Mr. Klarman recently discussed his investment thesis for FACT in this presentation. If you have not seen the video, I highly encourage you to watch it--at least twice. To hear the thesis, fast-forward 26 minutes and 30 seconds into the presentation.
In the video, Klarman stated that FACT "has about $16-$17 per share in cash, so you could clearly liquidate that, stop all discovery activities and mail out $10-$14 per share back to the holders."
FACT is a classic Ben Graham "net net." At the time Klarman mentioned FACT in the video (in March), the stock had traded down to around $6 per share--a very substantial discount to cash.
Klarman always looks for investments with downside protection. In this particular case, the cash provided the downside protection and potential near term upside was present in the form of a catalyst. That catalyst was a group of dissident shareholders led by Dr. Roderick Wong, which wanted the company to pay a cash dividend to shareholders of $15 per share and to sell its assets.

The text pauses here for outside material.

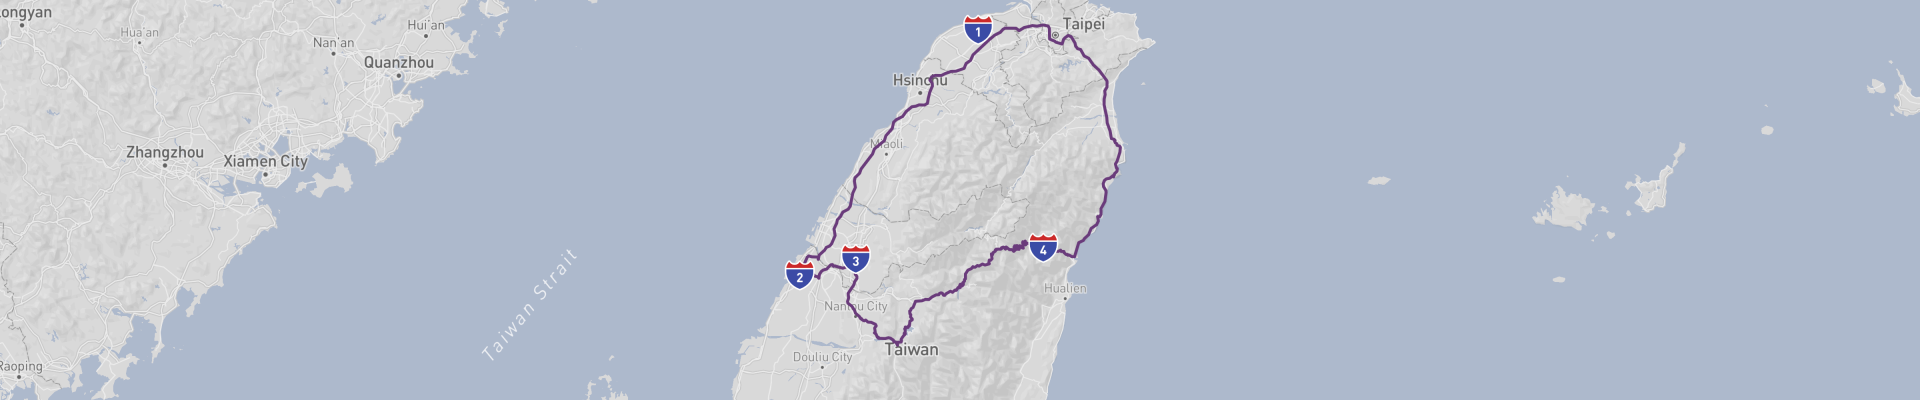 Viagem de carro pelos pontos altos de Taiwan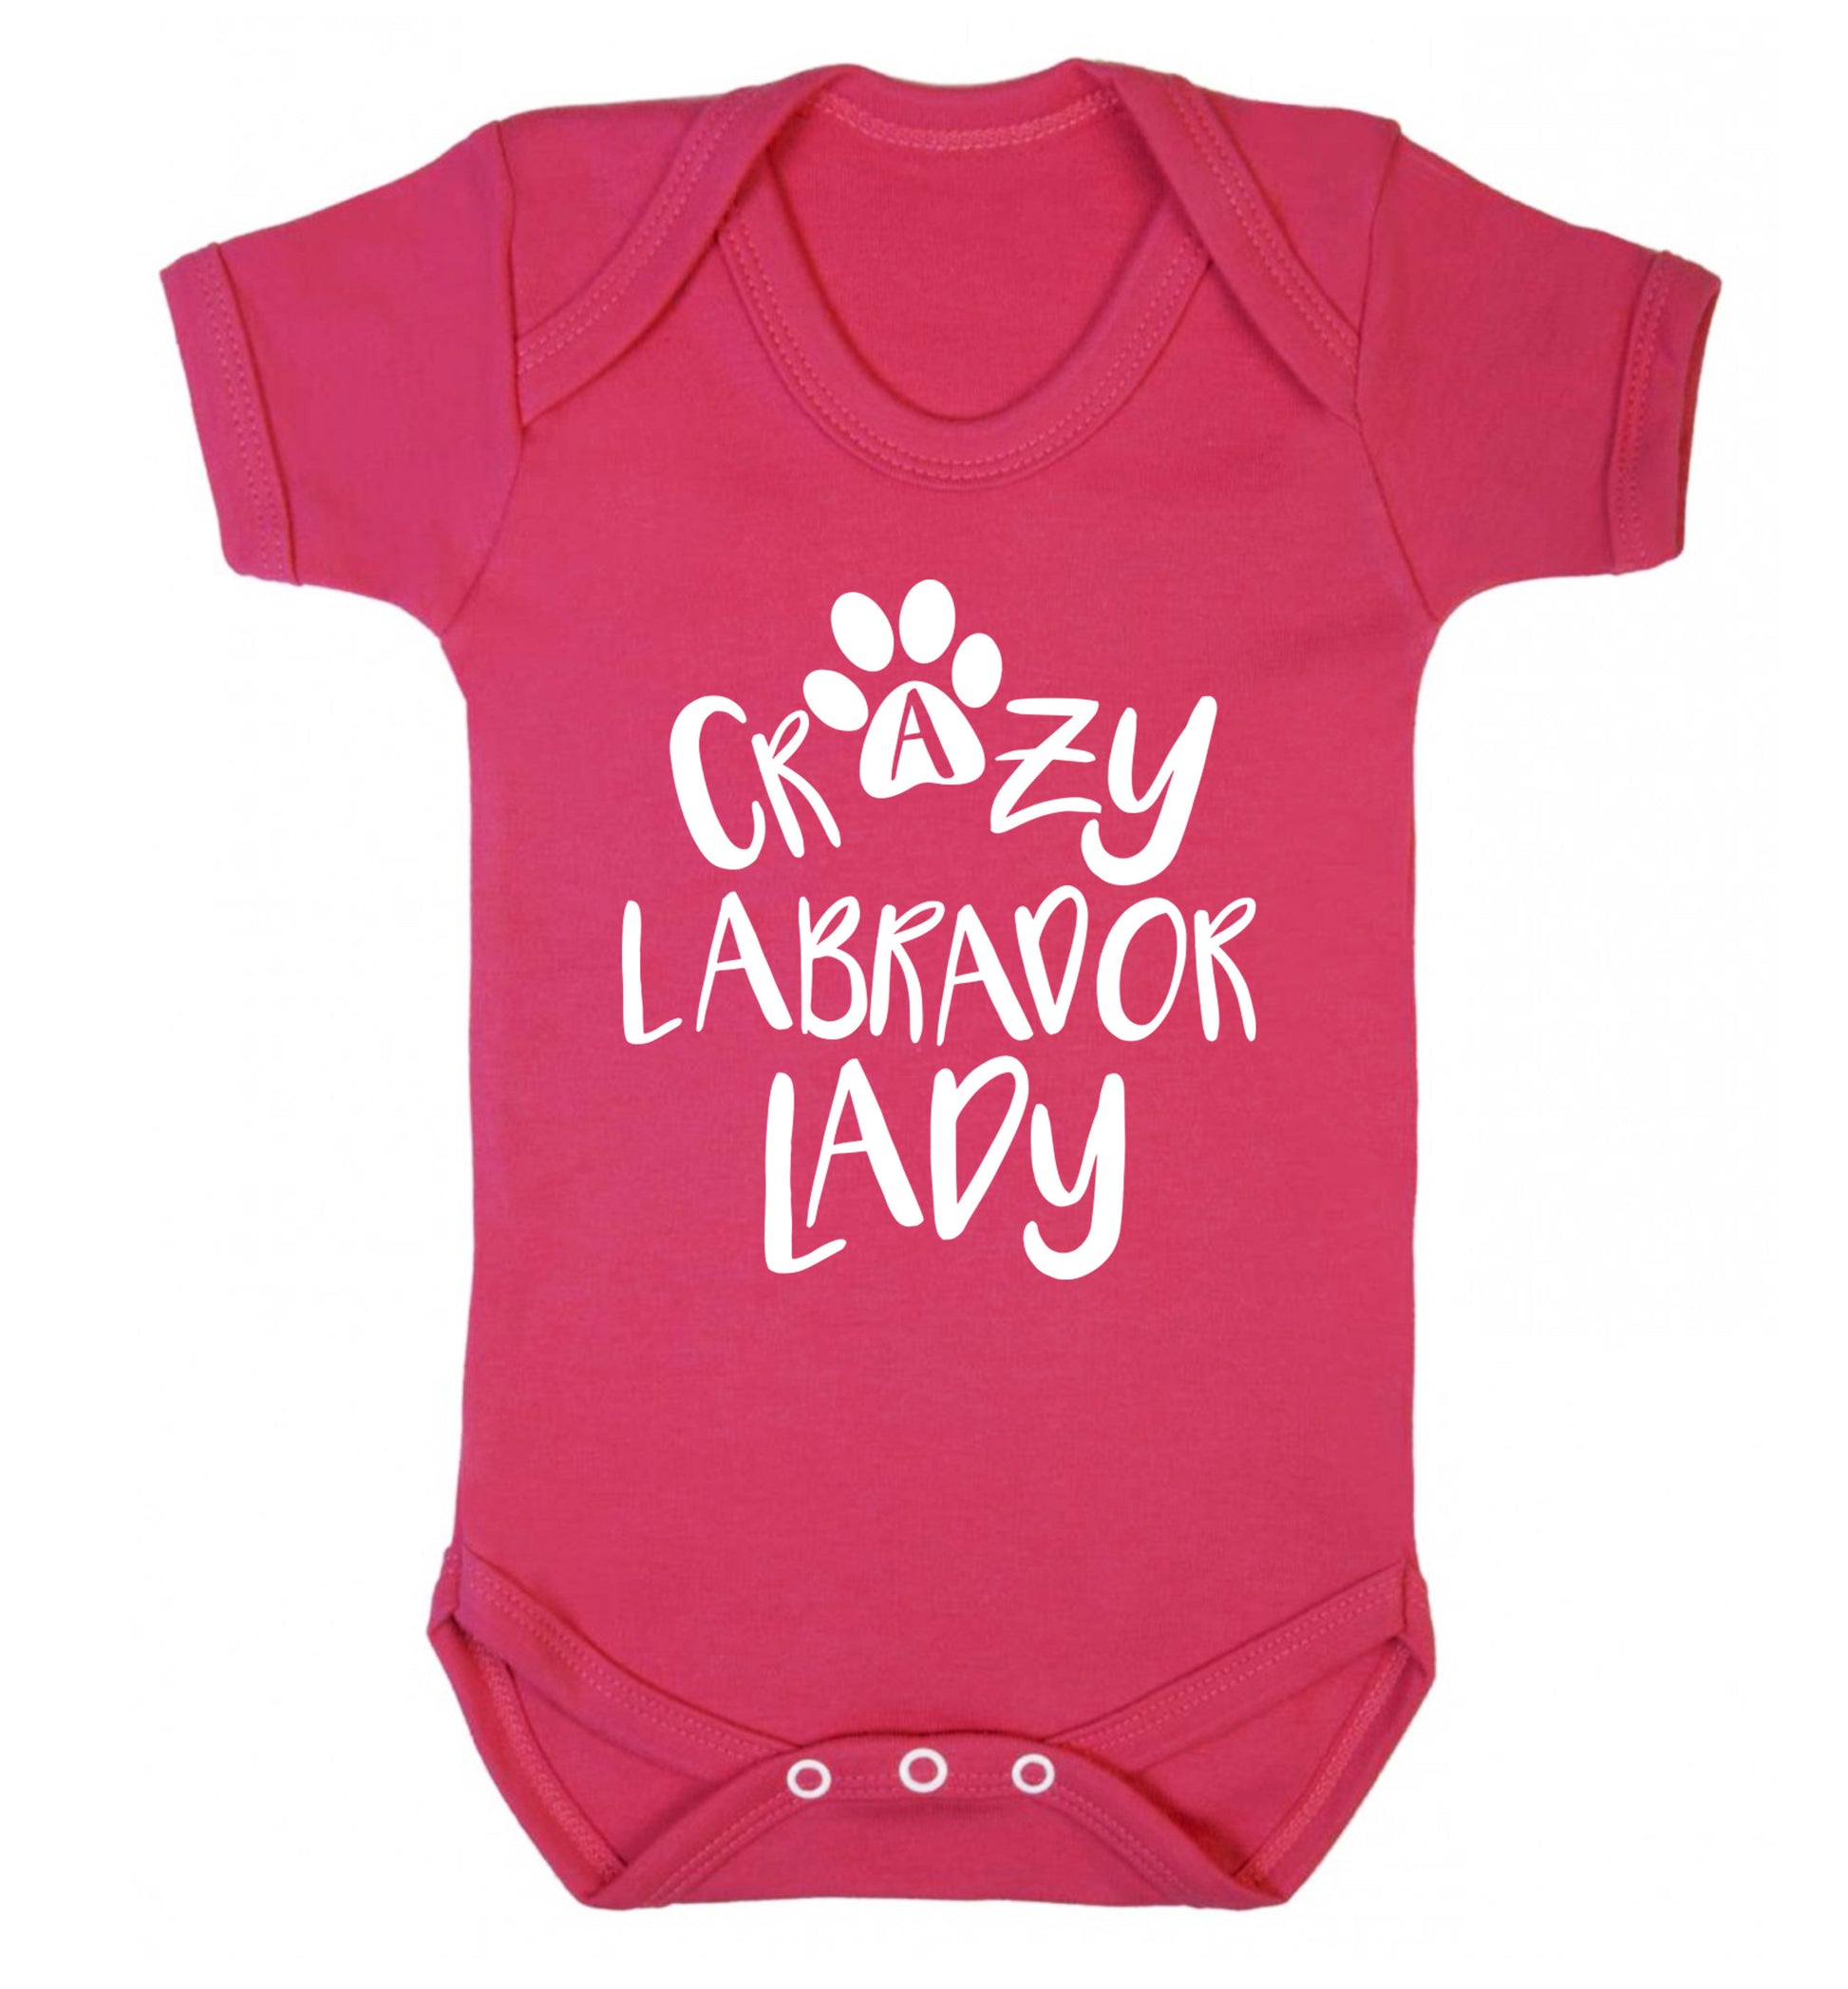 Crazy labrador lady Baby Vest dark pink 18-24 months

Even though on May 4, 2009, Dr. Wong ended up withdrawing his slate of nominees, FACT's stock price has increased by over 50%, closing on June 5 at $10.73 per share.
Is FACT still a good investment today?
FACT is still trading at a discount to cash, but the margin of safety has clearly diminished. During 1Q09, FACT burned through $20 million of cash--leaving net cash per share of about $14.50. Since the company does not appear to be liquidating any time soon, an investor who purchases shares today must get comfortable with owning a cash burning biotech company.
An investor that purchases shares at the current price is essentially receiving at least a years' worth of R&D expenses and the company's current drug development pipeline for free. The pipeline could have some value and could be evaluated based on its optionality.
Disclosure: No position.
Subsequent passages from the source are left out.